# Class LagrangianCompliantR¶

class LagrangianCompliantR : public LagrangianR

Lagrangian Compliant Relation: Scleronomous, Non-Holonomic (function of lambda).

$$Y[0] = y = h(q,\lambda(t),z)$$

$$Y[1] = \dot y = G0(q,\lambda(t),z)\dot q + G1((q,\lambda(t),z)\dot\lambda(t)$$

$$p = G0^t(q,\lambda(t),z)\lambda(t)$$

with $$G0(q,\lambda(t),z) = \nabla_q h(q,\lambda(t),z)$$ $$G1(q,\lambda(t),z) = \nabla_{\lambda}h(q,\lambda(t),z)$$

h, G0 and G1 are connected to user-defined functions.

Public Functions

LagrangianCompliantR(const std::string &pluginh, const std::string &pluginJacobianhq, const std::string &pluginJacobianhlambda)

constructor from a set of data

Parameters
• pluginh: the name of the plugin to compute h

• pluginJacobianhq: the name of the plugin to compute the gradient of h w.r.t q

• pluginJacobianhlambda: the name of the plugin to compute the gradient of h w.r.t $$\lambda$$

virtual ~LagrangianCompliantR()

destructor

virtual void computeh(double time, SiconosVector &q, SiconosVector &lambda, SiconosVector &z, SiconosVector &y)

compute y = h(q,v,t) using plug-in mechanism

Parameters
• time: the current time

• q: vector of coordinates

• lambda: vector for

$\lambda$

• z: parameter vector

• y: vector for y

void computeInput(double time, Interaction &inter, unsigned int level = 0)

to compute the input

Parameters
• time: the current time

• inter: the Interaction owning lambda

• level: “derivative” order of lambda used to compute input

void computeJach(double time, Interaction &inter)

compute all the H Jacobian

Parameters
• time: the current time

• inter: the interaction using this relation

virtual void computeJachlambda(double time, SiconosVector &q0, SiconosVector &lambda, SiconosVector &z)

compute the jacobian of h w.r.t.

$$\lambda$$ using plug-in mechanism

Parameters
• time: current time

• q0: coordinates

• lambda: vector for

$\lambda$

• z: vector of parameters

virtual void computeJachq(double time, SiconosVector &q, SiconosVector &lambda, SiconosVector &z)
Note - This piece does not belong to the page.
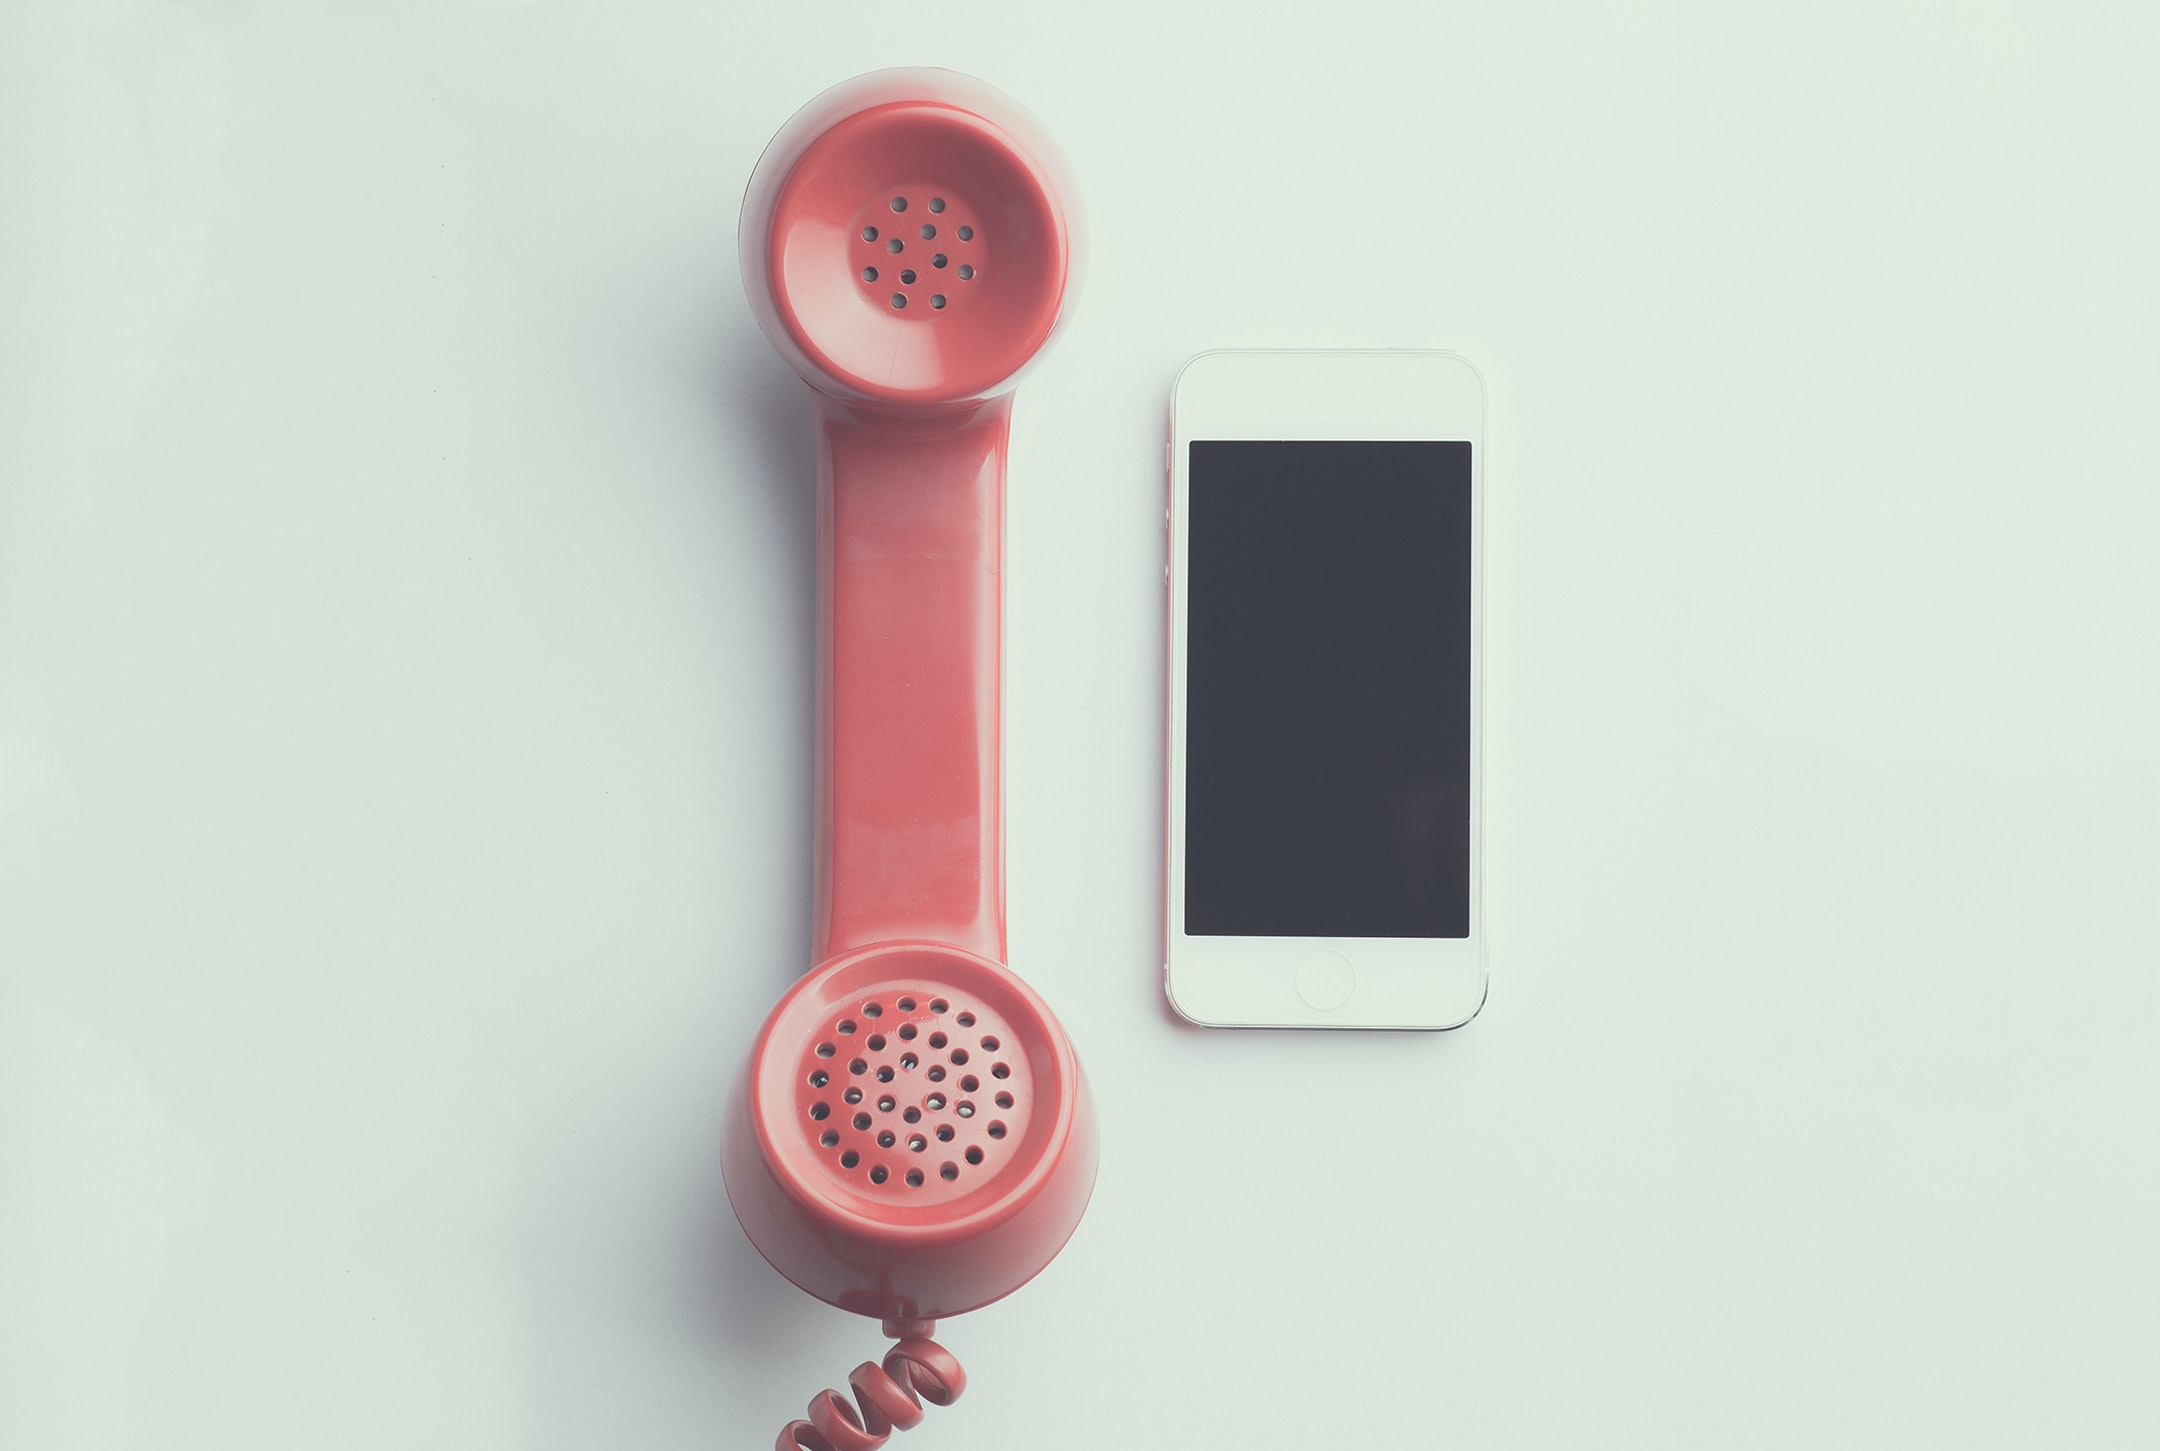 電話 なぜ 通知 非
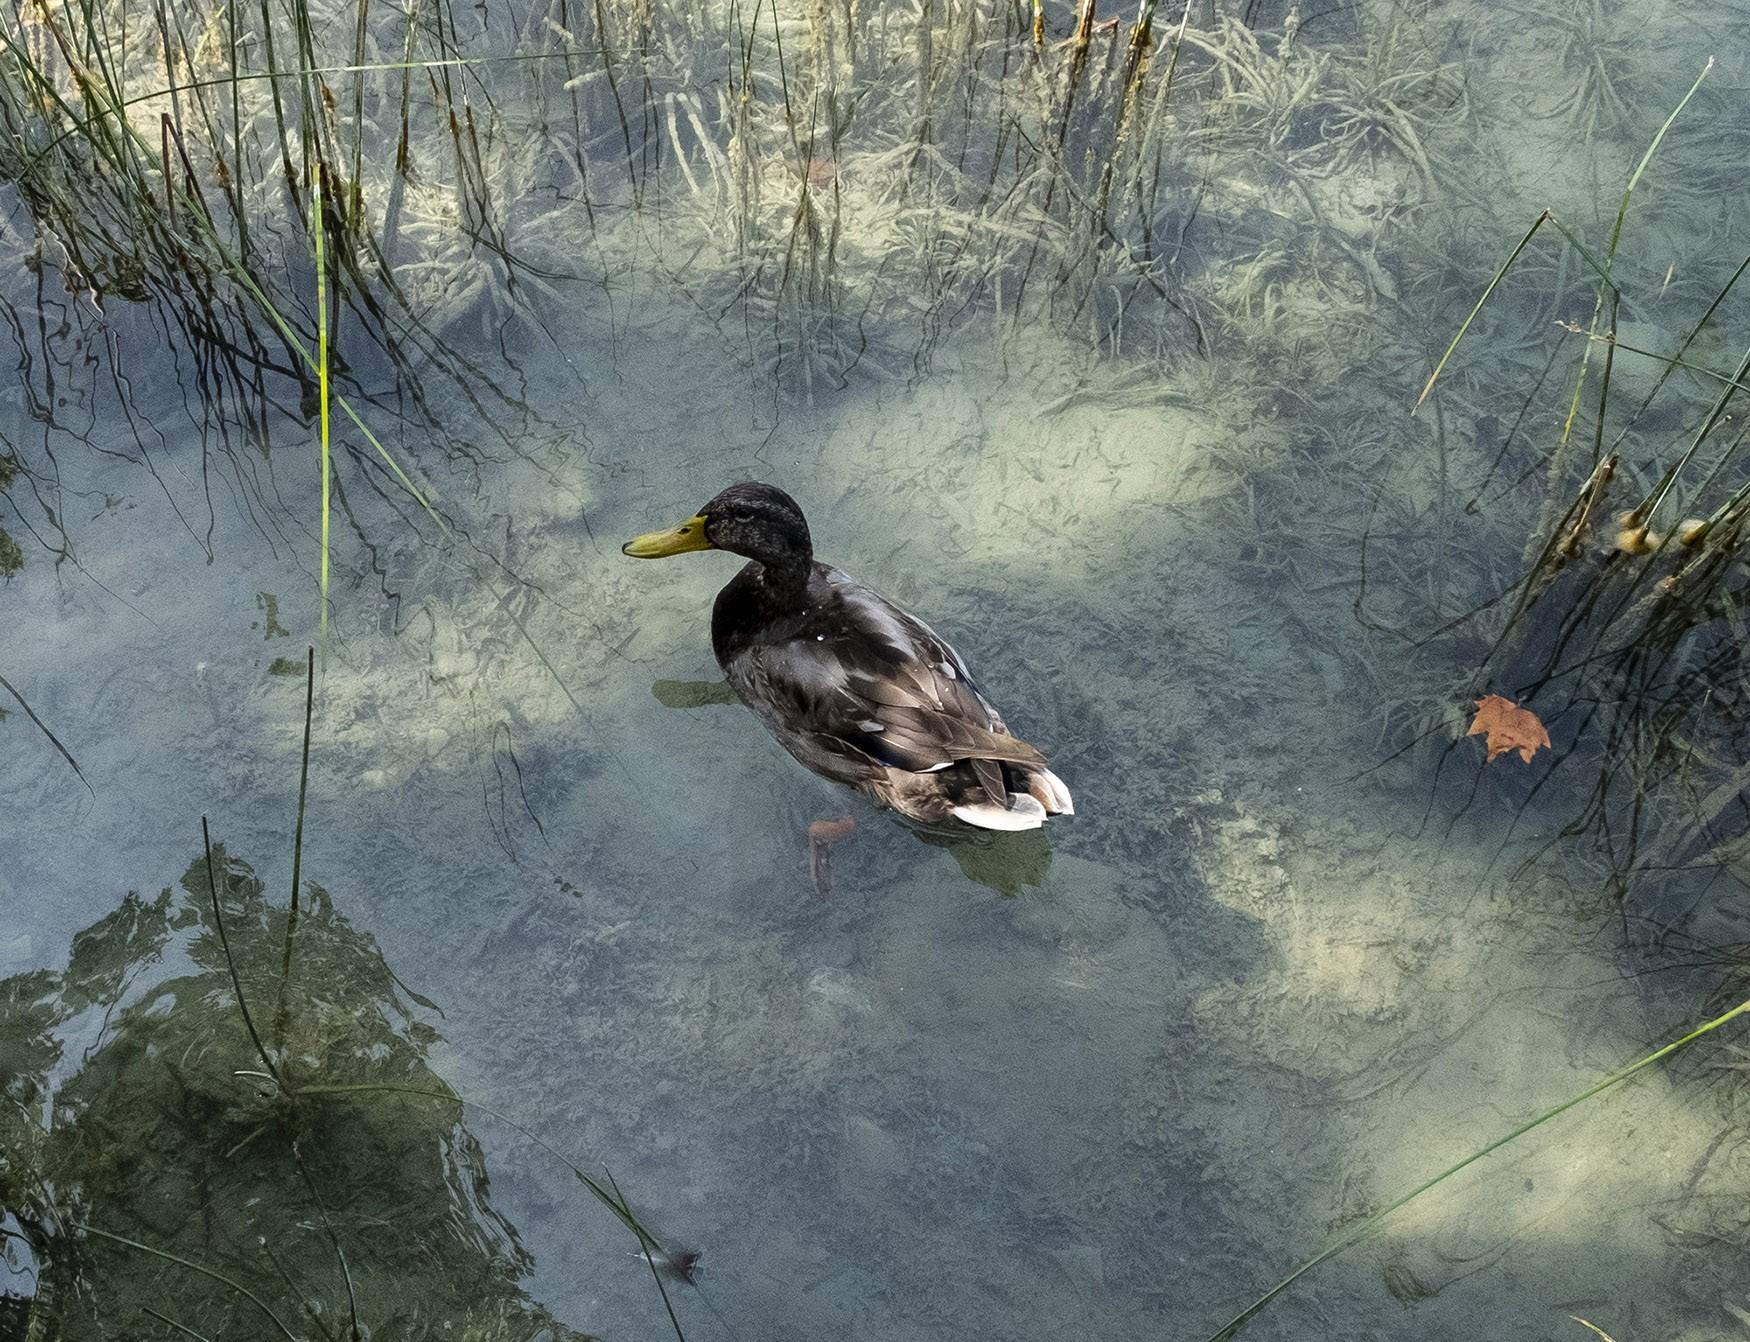 Fotografía de un pato en el estanque de Banyoles, Cataluña

compute the jacobian of h w.r.t.

q using plug-in mechanism

Parameters
• time: current time

• q: vector of coordinates

• lambda: vector for

$\lambda$

• z: parameter vector

void computeOutput(double time, Interaction &inter, unsigned int derivativeNumber = 0)

to compute output

Parameters
• time: the current time

• inter: the Interaction owning y

• derivativeNumber: the number of the derivative to compute, optional, default = 0.